Grid algorithms for hierarchical models

License: Attribution-NonCommercial-ShareAlike 4.0 International (CC BY-NC-SA 4.0)

It is widely believed that grid algorithms are only practical for models with 1-3 parameters, or maybe 4-5 if you are careful. I've said so myself.

But recently I used a grid algorithm to solve the emitter-detector problem, and along the way I noticed something about the structure of the problem: although the model has two parameters, the data only depend on one of them. That makes it possible to evaluate the likelihood function and update the model very efficiently.

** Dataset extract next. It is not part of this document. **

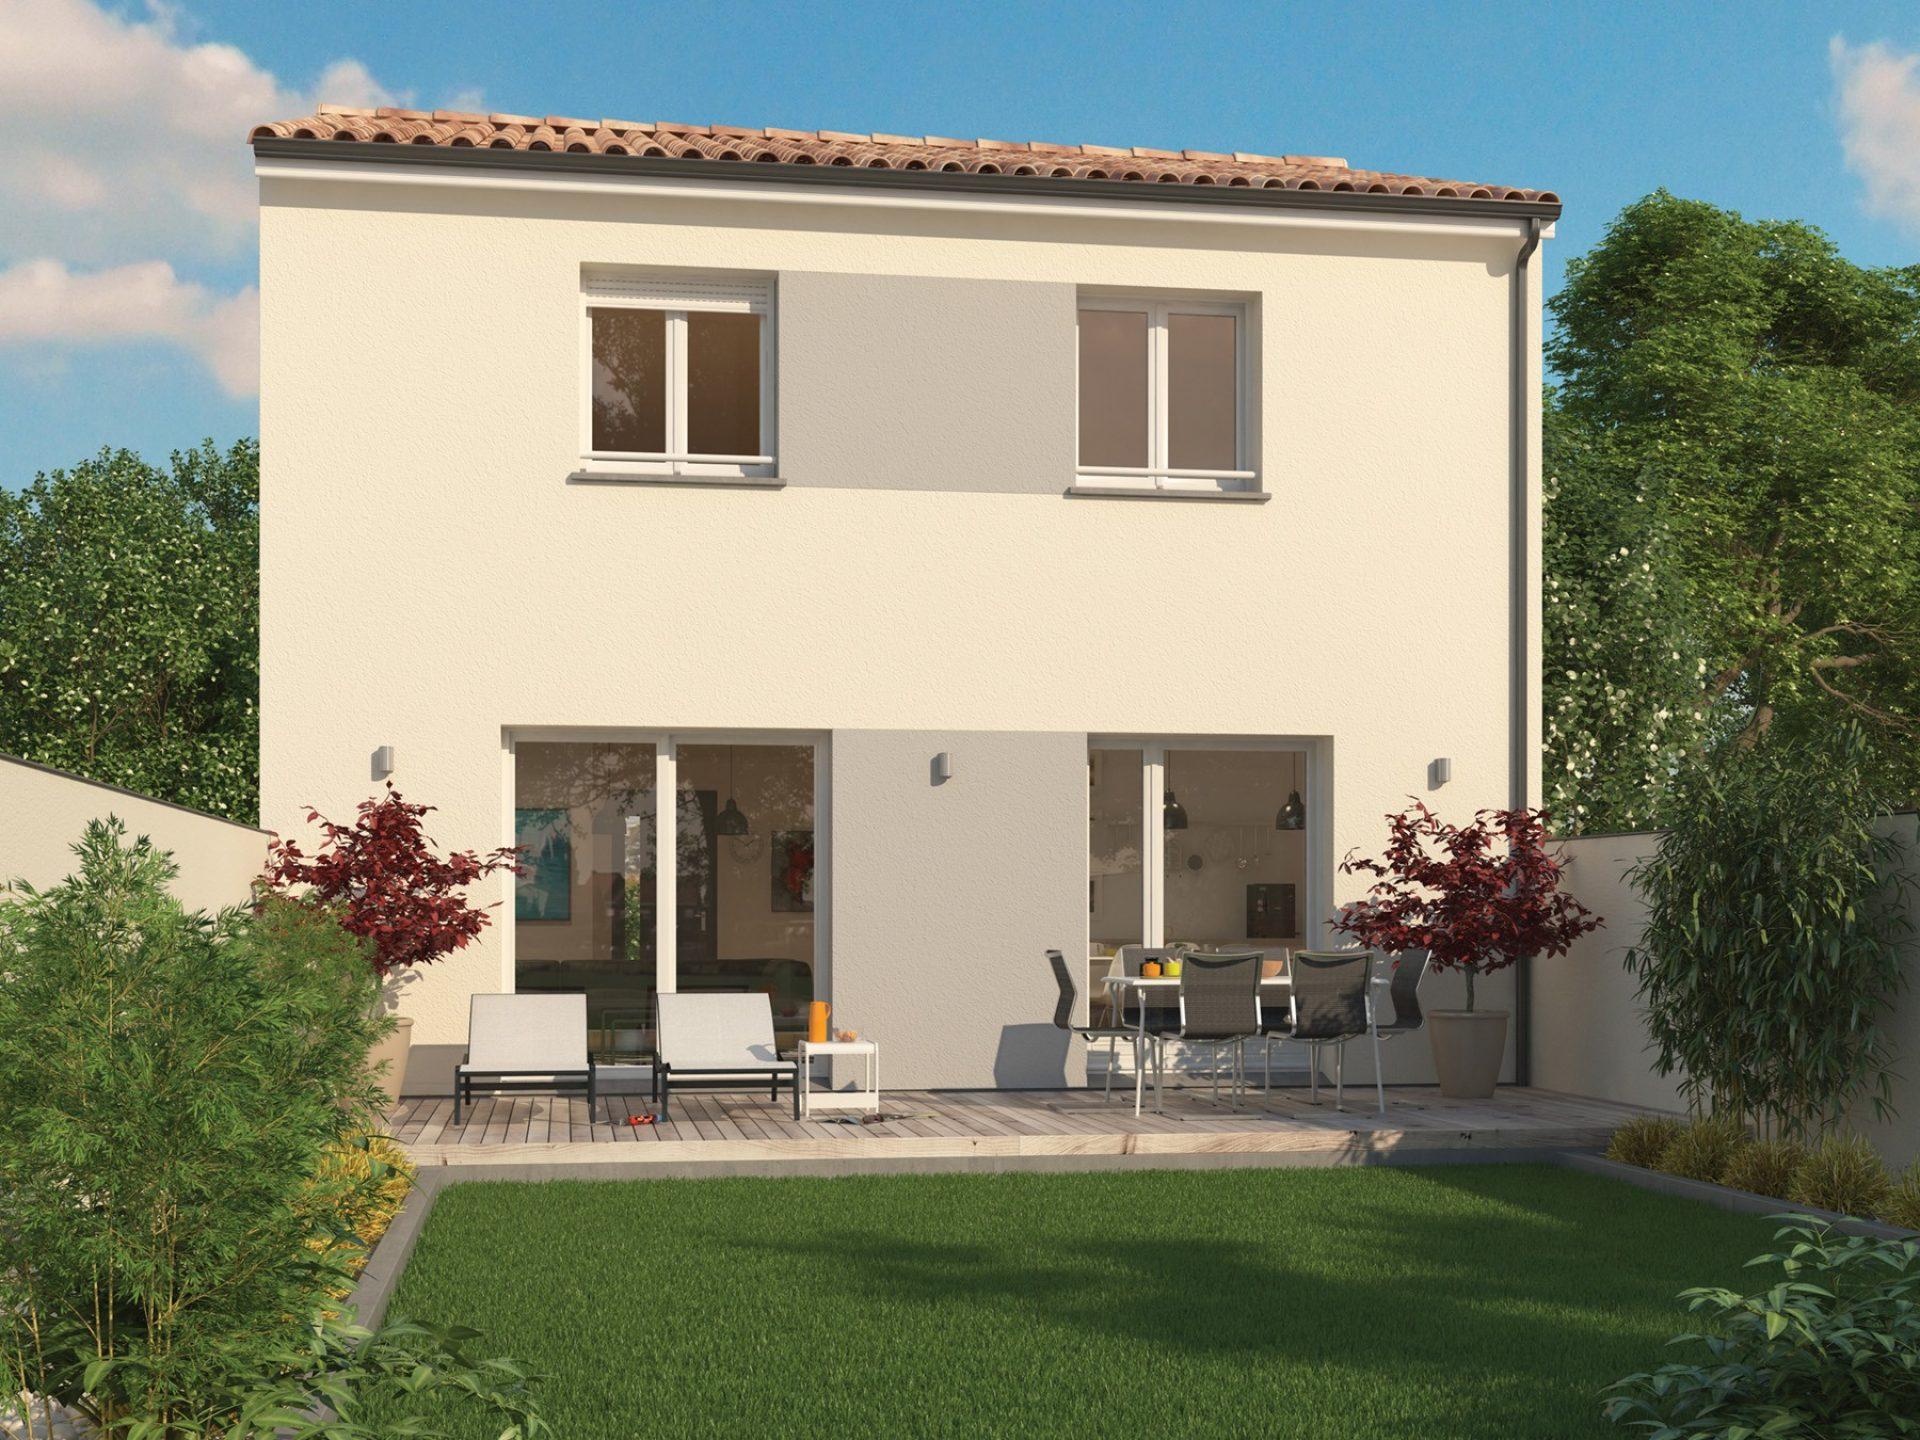 La maison Kuboa Investisseur | 90 m² | 3 chambres

Many hierarchical models have a similar structure: the data depend on a small number of parameters, which depend on a small number of hyperparameters. I wondered whether the same method would generalize to more complex models, and it does.

As an example, in this notebook I'll use a logitnormal-binomial hierarchical model to solve a problem with two hyperparameters and 13 parameters. The grid algorithm is not just practical; it's substantially faster than MCMC.

In [1]:

# If we're running on Colab, install libraries
import sys
IN_COLAB = 'google.colab' in sys.modules

if IN_COLAB:
    !pip install pymc3
    !pip install arviz
    !pip install empiricaldist

In [2]:

# PyMC generates a FutureWarning we don't need to deal with

import warnings
warnings.filterwarnings("ignore", category=FutureWarning)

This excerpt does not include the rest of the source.